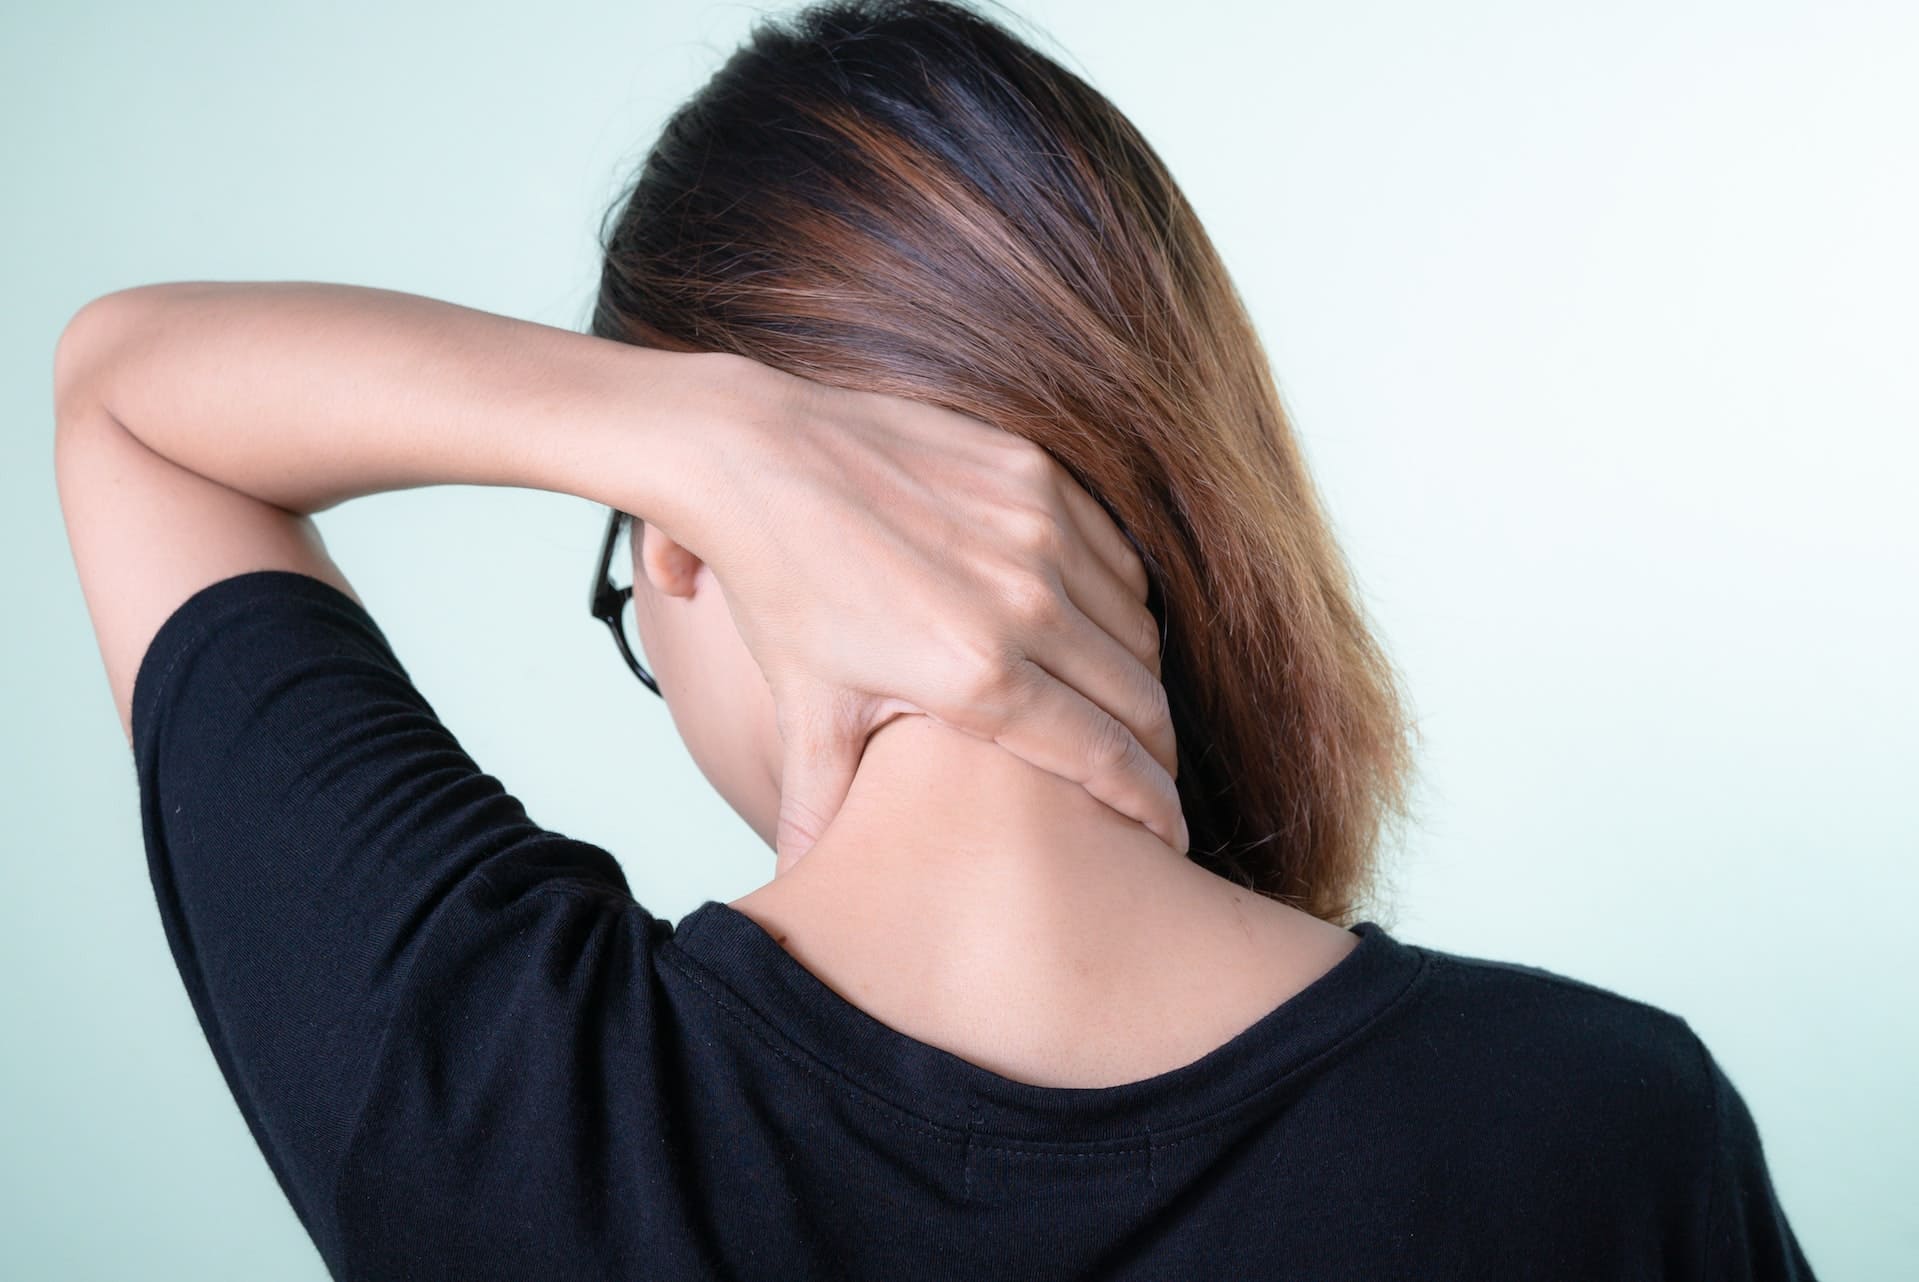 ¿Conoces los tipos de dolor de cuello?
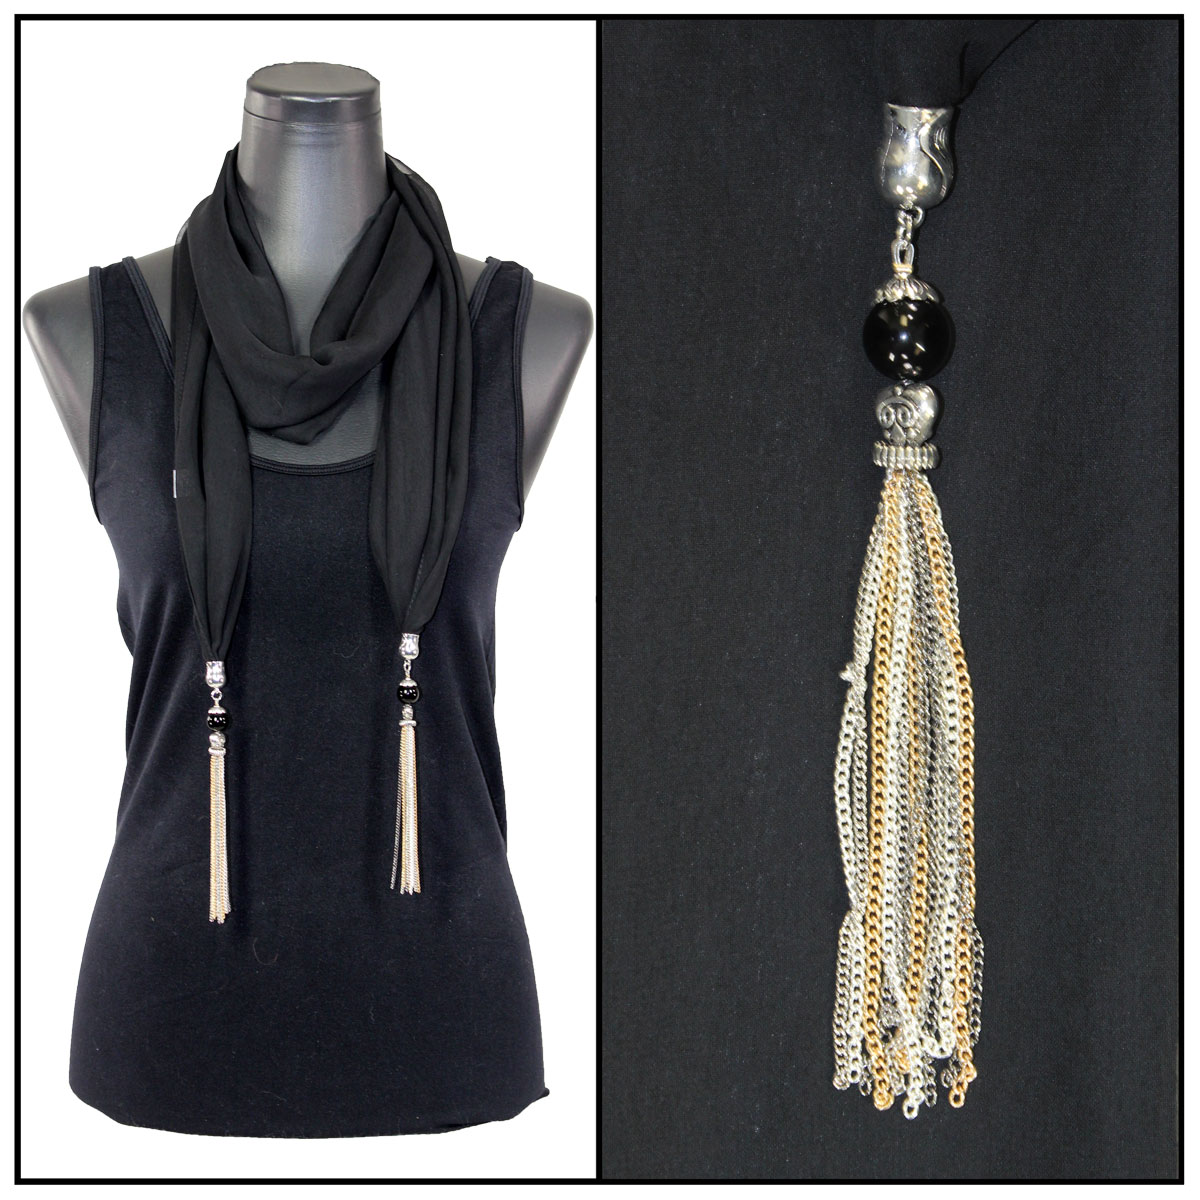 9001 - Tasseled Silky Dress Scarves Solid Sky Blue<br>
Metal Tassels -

**DIRECTIONS**
Print all of the material exactly. Omit pictures.

**ANSWER TO THIS TASK**
 ¿Conoces los tipos de dolor de cuello?
 9001 - Tasseled Silky Dress Scarves Solid Sky Blue<br>
Metal Tassels -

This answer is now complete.